Unlike the examples discussed earlier, it is preferable to choose a rather powerful knife. When harvesting cabbage, even in modest quantities, the mass of vegetables is calculated in kilograms and it is too troublesome to cut it at all very thin.
The technology of how to chop cabbage for pickling is almost unchanged. The difference is only in size and in the fact that the stump can not be removed, but simply put off, cutting off all the tender parts from it.
Cutting with a knife is the only correct answer to the question of how to chop cabbage into long strips for pickling. No device, such as the use of special shredders or rubbing boards, can be compared with classical technology. At the same time, the head of cabbage can be slightly rotated, like the blade itself, it is permissible even to hold it in weight, cutting off thin slices, like a loaf from a loaf.
It is a completely different matter if your preparations are significant in volume, since it is much easier to quickly chop cabbage for pickling in such a case with the help of simple and proven means. This time, on the contrary, they are all good. The cabbage will come out as a result may not be so elegant in appearance, but the barrel ambassador with its taste more than compensates for such disadvantages.
How to chop cabbage for pickling - decide based on the available devices and, accordingly, the volumes. So, there are special attachments for food processors, tools similar to a potato peeler, but specially designed for slicing cabbage. Vegetable graters of common design, but large in size.
If you decide to use any of these methods, keep in mind one mandatory point. If the whole family is called in to help and different chopping methods are used, make sure the slices come out of the same thickness and length before adding and mixing the sliced cabbage. With a noticeable difference, it is better to harvest them in different containers, otherwise in the finished pickling there will be pieces that differ noticeably in taste.

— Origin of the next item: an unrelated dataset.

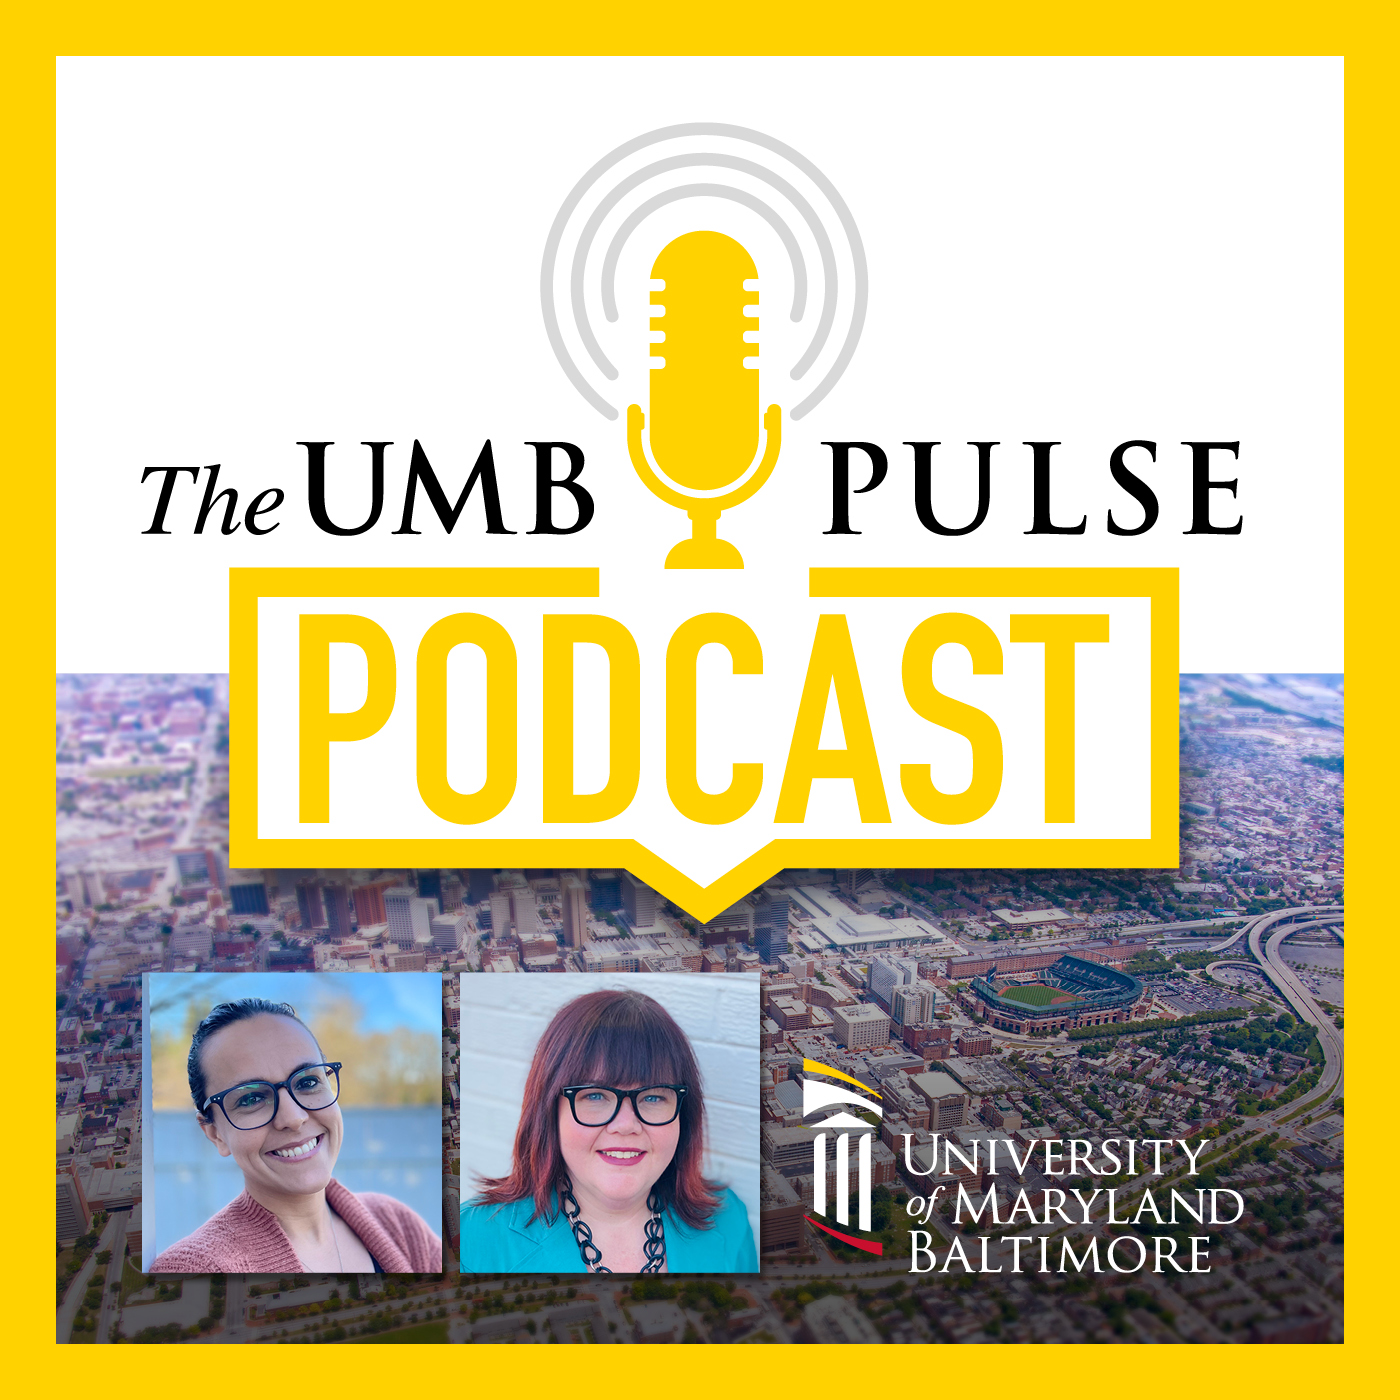 UMB Pulse Podcast with photos of Marlene Matarese and Angela Weeks

Despite the seeming simplicity, the task is not so trivial. A simple proof of this is an old wedding custom contest, which allows you to find out how a future spouse can finely chop cabbage with a knife. Married and elderly women were not allowed to see him, and maidens of marriageable age diligently crumbled heads of cabbage, in a hurry to earn the title of the best housewife.
Joke? Far from it! Not so far are the days when an experienced craftswoman, who knows how to finely chop cabbage into strips, deserved high praise for her art, because the survival of the whole family depended on the quantity and quality of preparations for the winter in the most literal sense.
Hungry winters, we hope, are still in the past, but to this day, masterfully prepared sauerkraut depends on taste not only on the variety and the accuracy of the selection of the brine ingredients. Just by changing the shape and size of the pieces, all other things being equal, you can get different snacks not just in different tubs, but even from one large head of cabbage.
It is easy to make sure of this by choosing any recipe on our website, or even using your own, homemade one. Just dissolve some of the cabbage leaves into strips, half as wide as recommended, the marinade will do the rest.